INFORMATION PROVIDED:
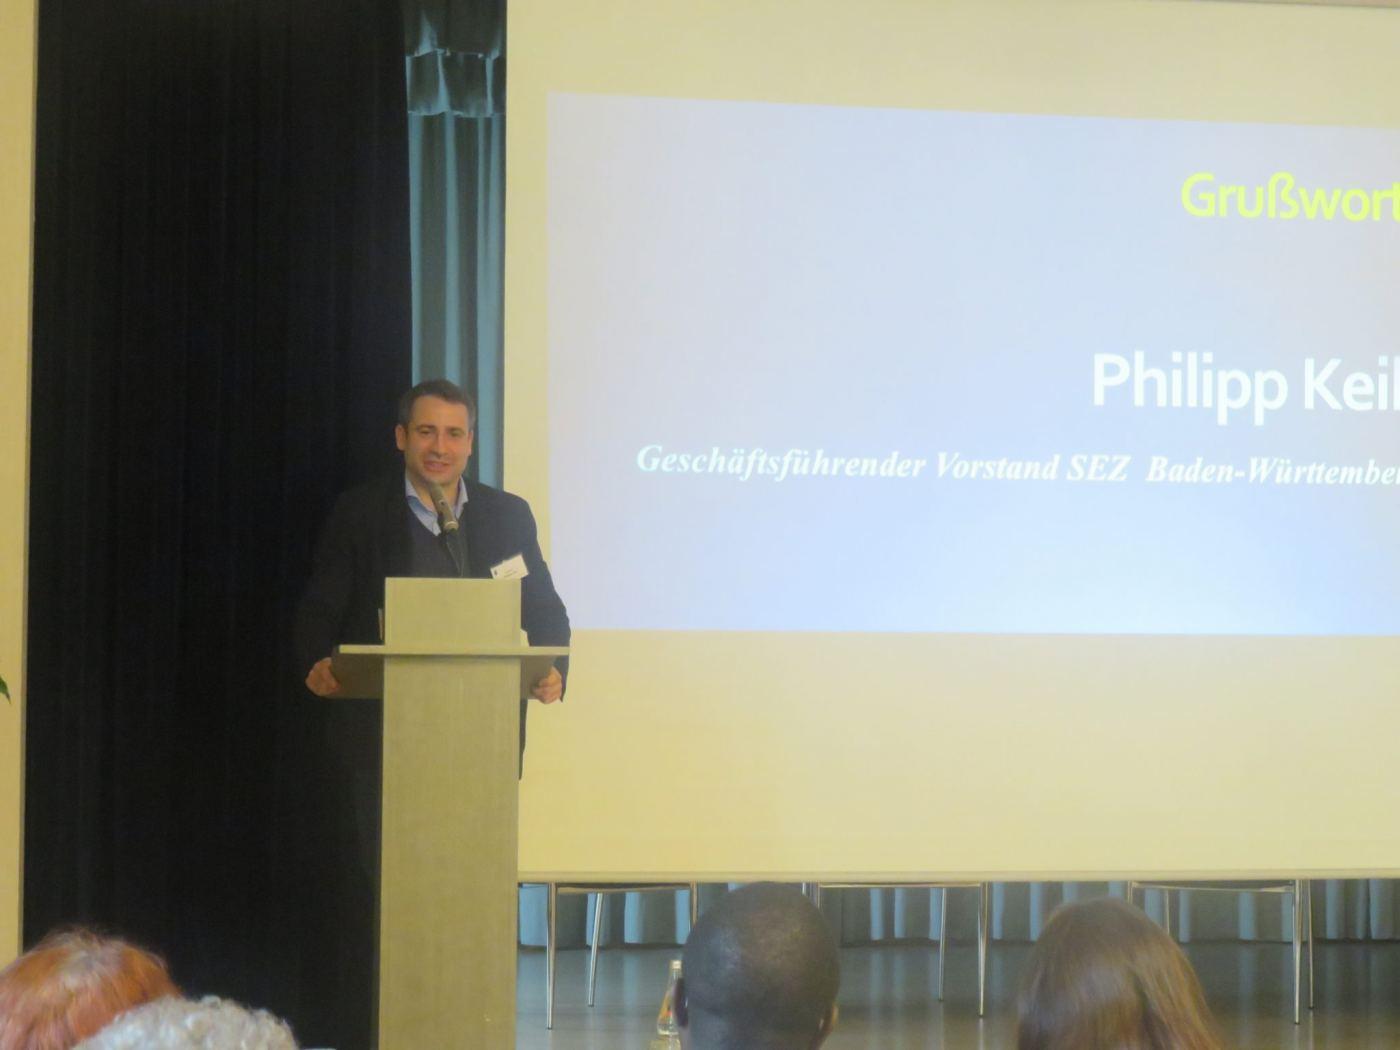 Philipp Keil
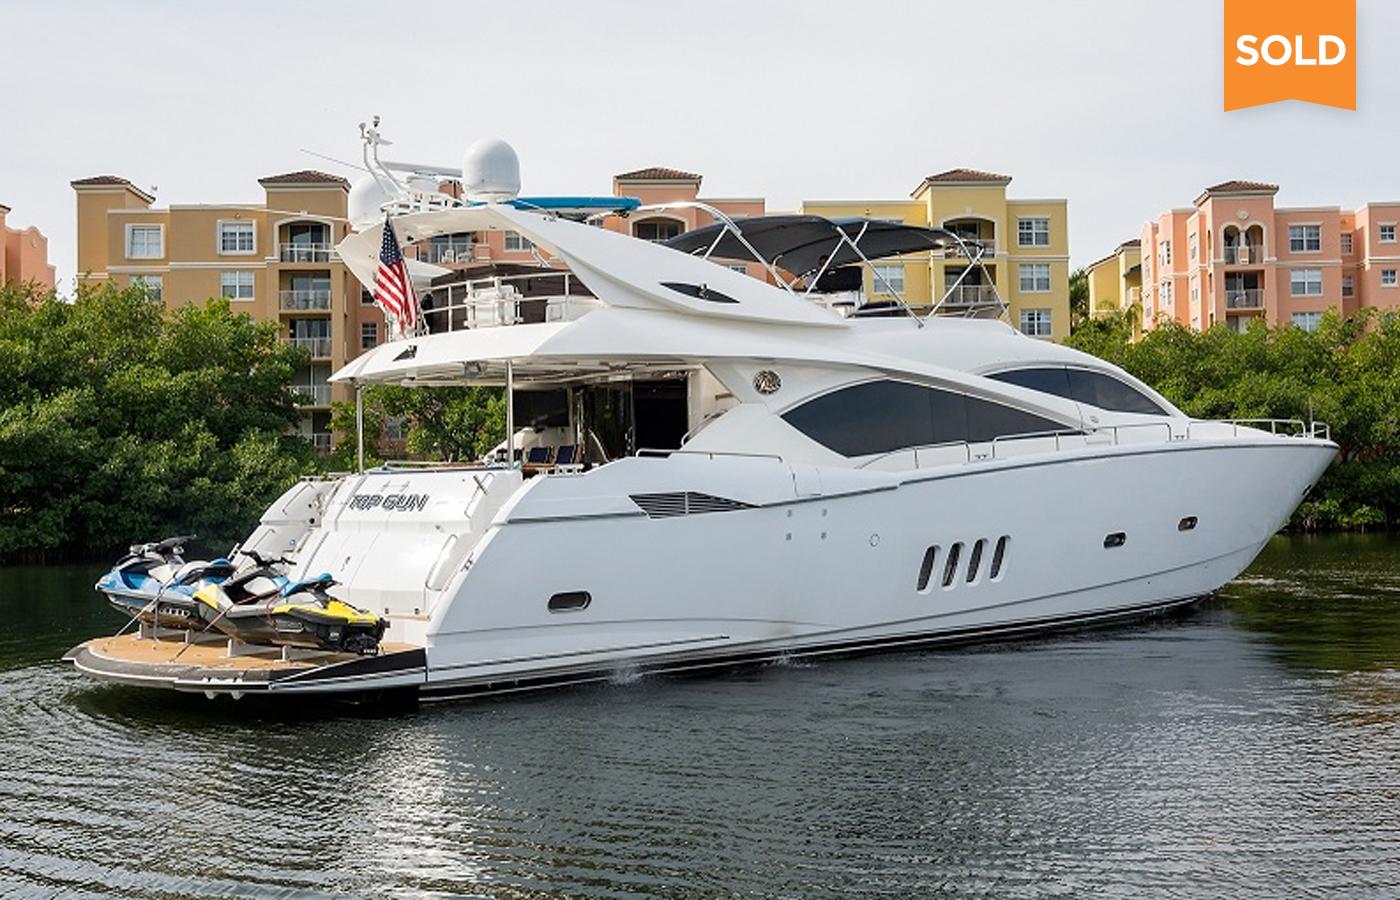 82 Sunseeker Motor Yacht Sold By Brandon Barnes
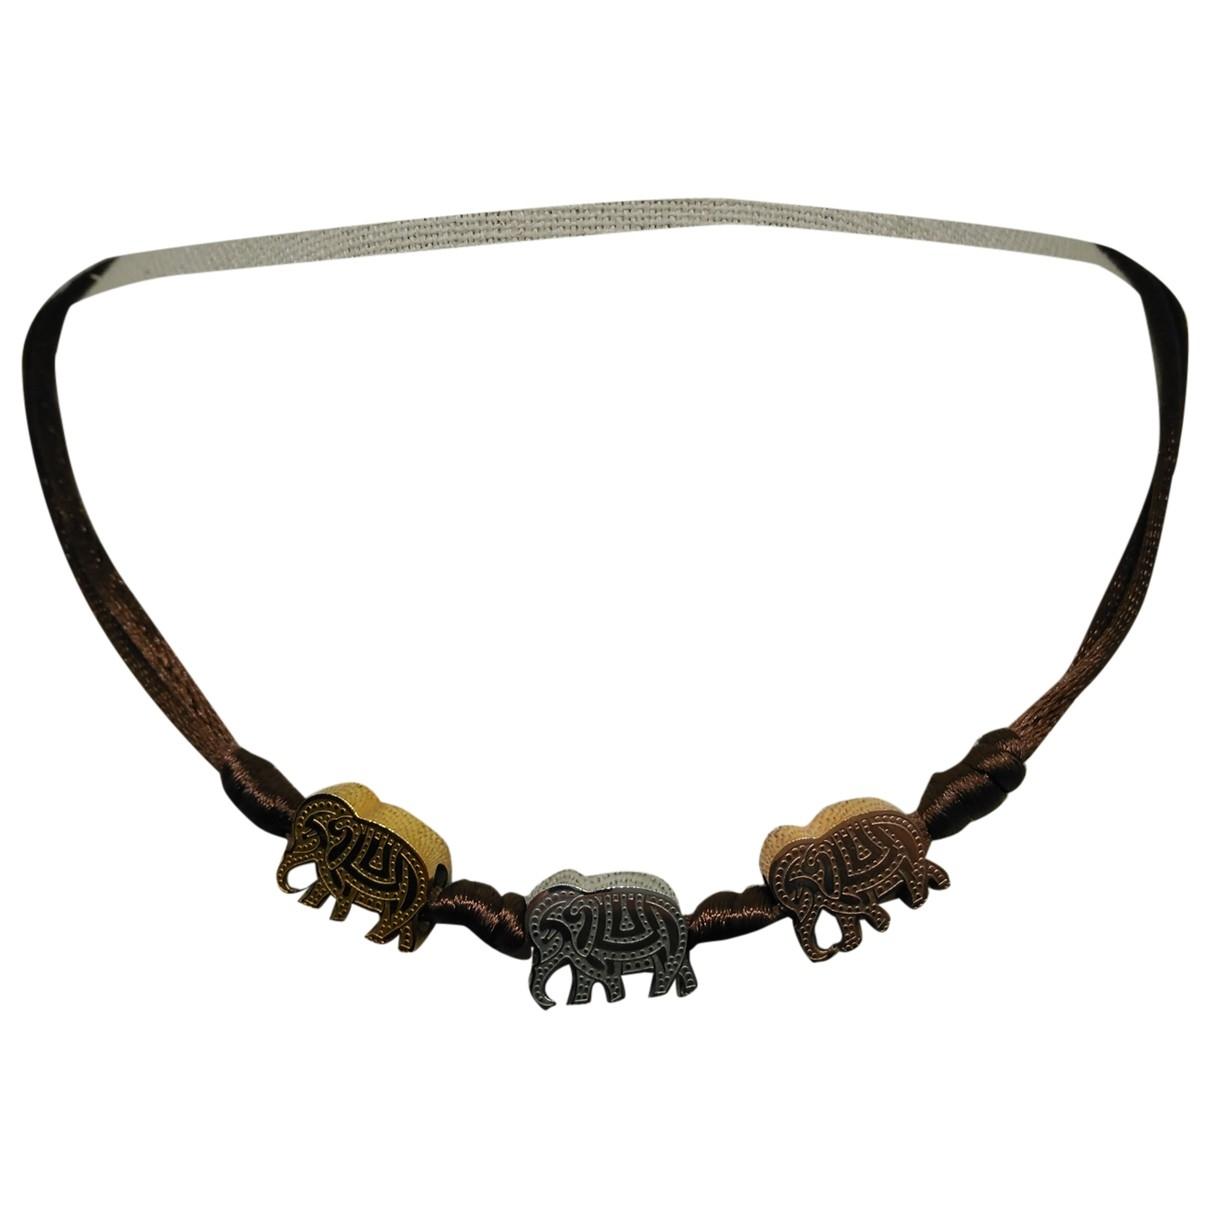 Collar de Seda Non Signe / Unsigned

WORK TO BE COMPLETED: Give back the listing unchanged. Strip out the pictures.

REPLY:
 Philipp Keil
 82 Sunseeker Motor Yacht Sold By Brandon Barnes
 Collar de Seda Non Signe / Unsigned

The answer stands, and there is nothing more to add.